Analyst Hamza Fodderwala, who has an outperform rating on Palo Alto, noted that the recent fourth-quarter results from roughly 80% of the companies in the sector saw “accelerating” topline growth in the fourth-quarter, while their initial outlooks for 2022 were “all well ahead of consensus and indicate strong pipelines.”
“We think strong security demand should remain durable through ’22 and, as a result, security stocks provide better opportunities for relative outperformance vs broader software for 3 key reasons,” Fodderwala wrote, adding that rising threats, an increase in defensible budgets and more favorable valuations in the space are likely to help support shares.
In addition to making Palo Alto the firms top pick, small to mid-cap stocks like SailPoint Technologies (NYSE:SAIL), KnowBe4 (NASDAQ:KNBE) and ForgeRock (NYSE:FORG) look oversold.
All four stocks were higher in premarket trading, led by a 2% gain in SailPoint.
As the tensions over Russia’s invasion of Ukraine continue to boil, the firm noted that the community is now on “high alert,” based on recent conversations.

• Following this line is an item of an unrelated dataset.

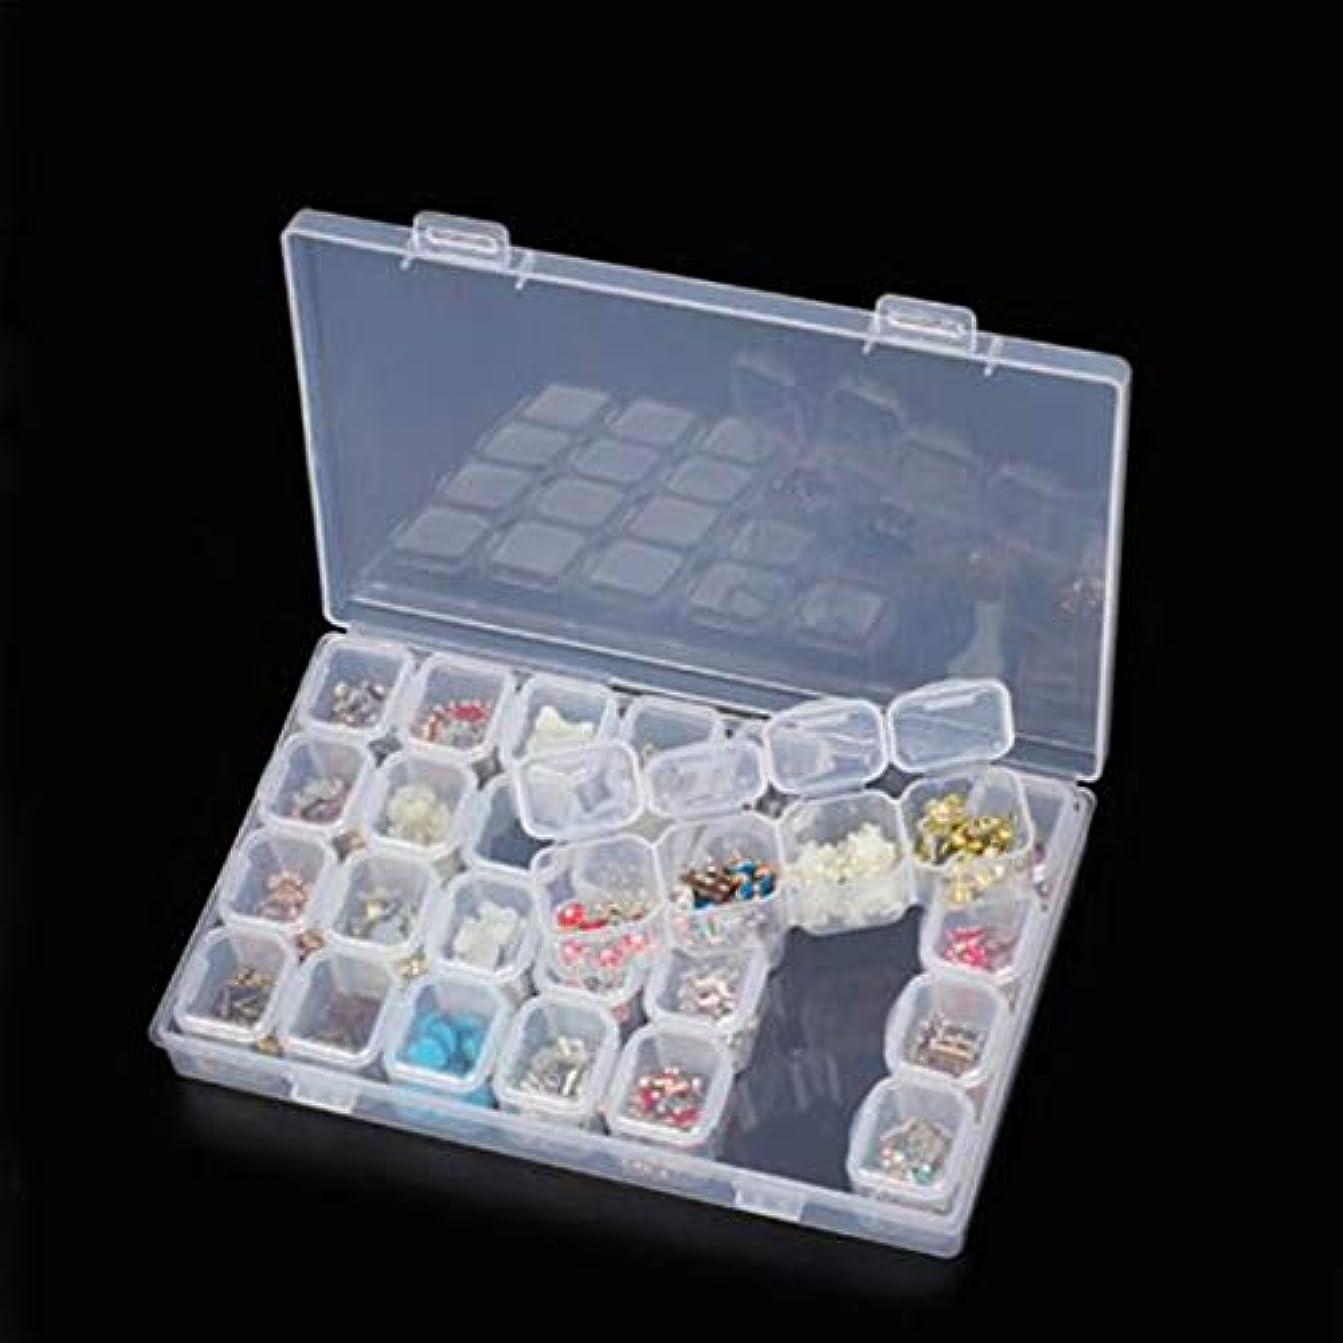 アベニューまばたき間違っている28スロットプラスチック収納ボックスボックスダイヤモンド塗装キットネールアートラインツールズ収納収納ボックスケースオーガナイザーホルダー

“The Cybersecurity & Infrastructure Agency recently issued a “shields up” advisory to private sector organizations with guidance on how to be better protected against potential state-sponsored cyberattacks,” Fodderwala added. “We think there’s likely upward pressure on federal cyber budgets (currently penciled in at ~$20B in FY22).”
Earlier this month, J.P. Morgan said Palo Alto Networks is “well positioned to compete for the cloud security opportunity.”